AWS re:Inforce 2023 in Anaheim in June focused significantly on how generative AI changes the security landscape: both the new attack surfaces AI creates and the AI-augmented security tools AWS is building.

One of the threat categories discussed most at re:Inforce was AI-enhanced spear phishing. LLMs can produce personalised, grammatically correct phishing emails at scale without the manual effort that previously limited spear phishing campaigns. The practical mitigation is not catching bad grammar, which AI phishing avoids, but validating the request through a second channel, regardless of how legitimate the email looks.

For example, I have seen cases where AI-generated phishing emails had a 25% success rate in penetrating organisations that relied solely on traditional email scanning tools. In contrast, organisations that implemented two-factor authentication and validated requests through a second channel were able to reduce the success rate to less than 1%. This highlights the importance of implementing multi-layered security controls to mitigate AI-enhanced spear phishing attacks.

AWS announced GuardDuty improvements using machine learning to detect anomalous API call patterns. The premise is that legitimate AWS usage has patterns, and deviations from those patterns, such as lateral movement, unusual IAM assumption, and unexpected data exfiltration, are detectable by models trained on normal behaviour. The challenge is the false positive rate: too many alerts and the security team ignores them; too few and you miss genuine threats.

In my experience, tuning the machine learning models in GuardDuty to achieve a balance between false positives and false negatives is crucial. For instance, a 5% false positive rate may be acceptable in a low-risk environment, but in a high-risk environment, such as a financial institution, a 1% false positive rate may be required. This requires careful consideration of the trade-offs between security and operational efficiency, as well as the use of tools like Amazon CloudWatch to monitor and adjust the model's performance.

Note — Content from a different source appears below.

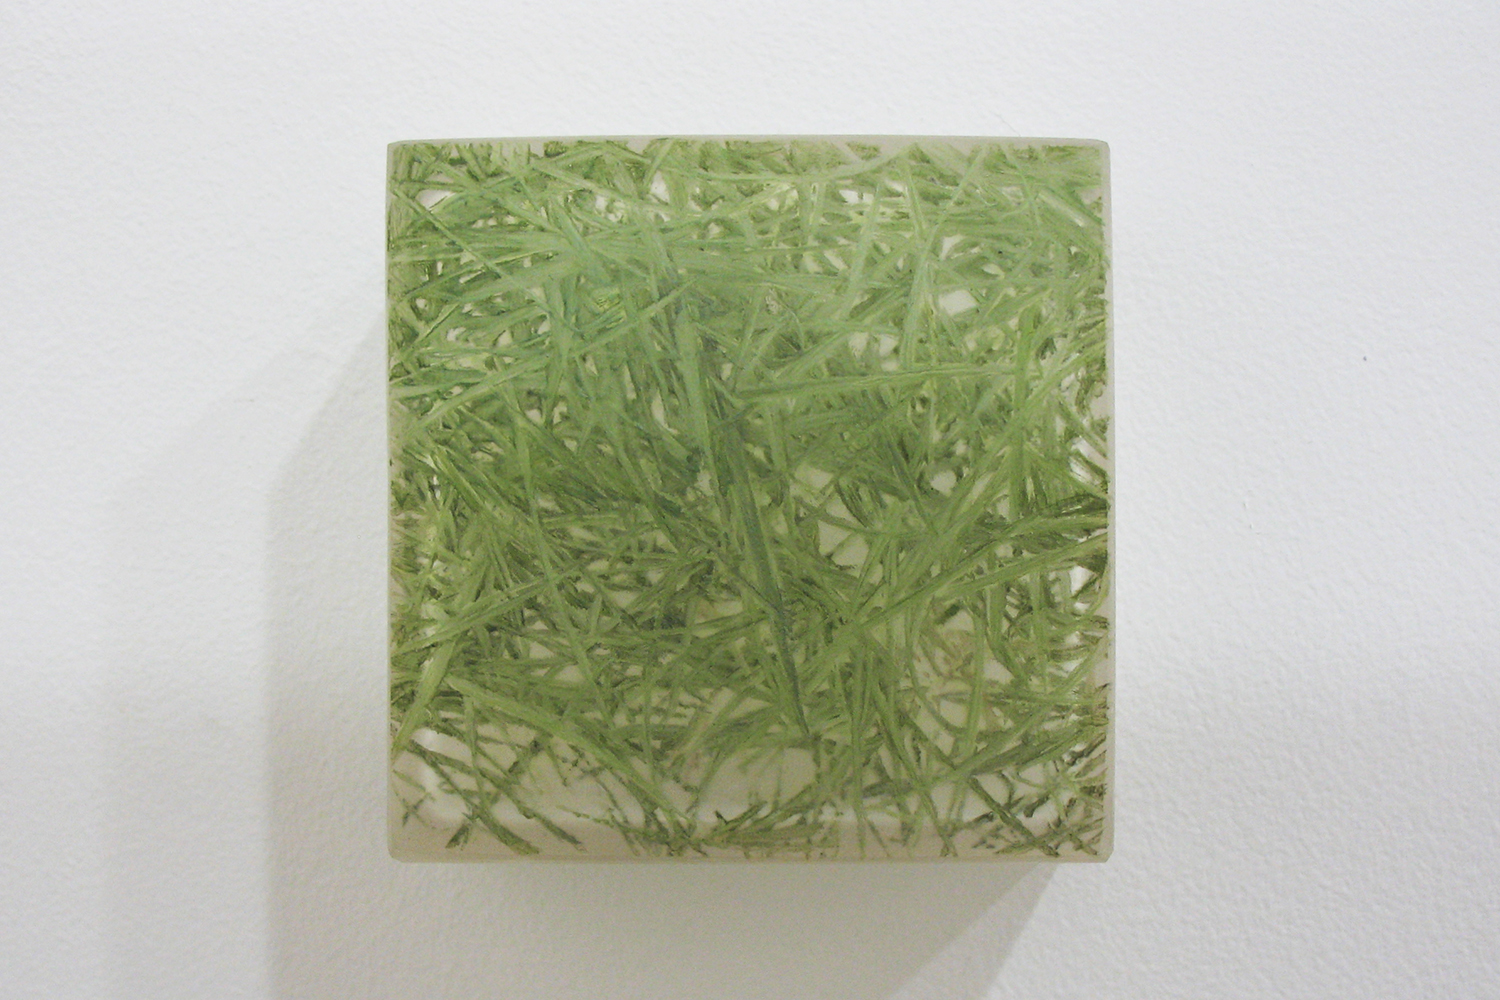 Photo-painting 草上のかおり｜Scent on the grass ｜7.5 x 7.5 x 3 cm｜Oil on FRP, mixed media｜ 2009

When AI services process your data on cloud infrastructure, the shared responsibility model becomes more complex. AWS is responsible for the security of the cloud infrastructure running the AI model. You are responsible for what data you send to the model, who has access to the API, and what the model does with the output. For regulated industries handling personal identifiable information or protected health information, the question of whether AI-processed data retains the same classification as the source data is being worked out through legal counsel, not just cloud security teams.

Using tools like AWS IAM and AWS Lake Formation can help organisations manage access controls and data classification for AI-processed data. For example, IAM policies can be used to restrict access to AI models and data, while Lake Formation can be used to classify and manage data across multiple sources and destinations. This requires careful planning and implementation to ensure that AI-processed data is handled in accordance with regulatory requirements.

AI model weights and fine-tuning pipelines are a new attack surface. Malicious code injected into a publicly downloaded model's weights can survive the model loading and execute in your inference environment. Mitigation practices emerging include Hugging Face scanning, reproducible model checkpoints, and hash verification of model files. This is analogous to supply chain security for open source packages, applied to model files.

Organisations handling regulated data must ensure AI-processed data is treated with the same level of protection as the source data. This requires careful consideration of data classification and access controls.

The use of AI-augmented security tools can help improve the detection and response to security threats. However, it also introduces new challenges, such as the need to validate the output of AI models and ensure they are not being used to create new attack surfaces.

For instance, a security information and event management system like Splunk can be used to monitor and validate the output of AI models, while a tool like AWS CloudTrail can be used to track and audit API calls made by AI models. This requires careful integration and testing to ensure that AI-augmented security tools are operating effectively and securely.

As AI continues to evolve, it's likely that we'll see new and innovative approaches to security emerge. For now, organisations must focus on understanding the risks and benefits of AI and taking steps to mitigate potential threats.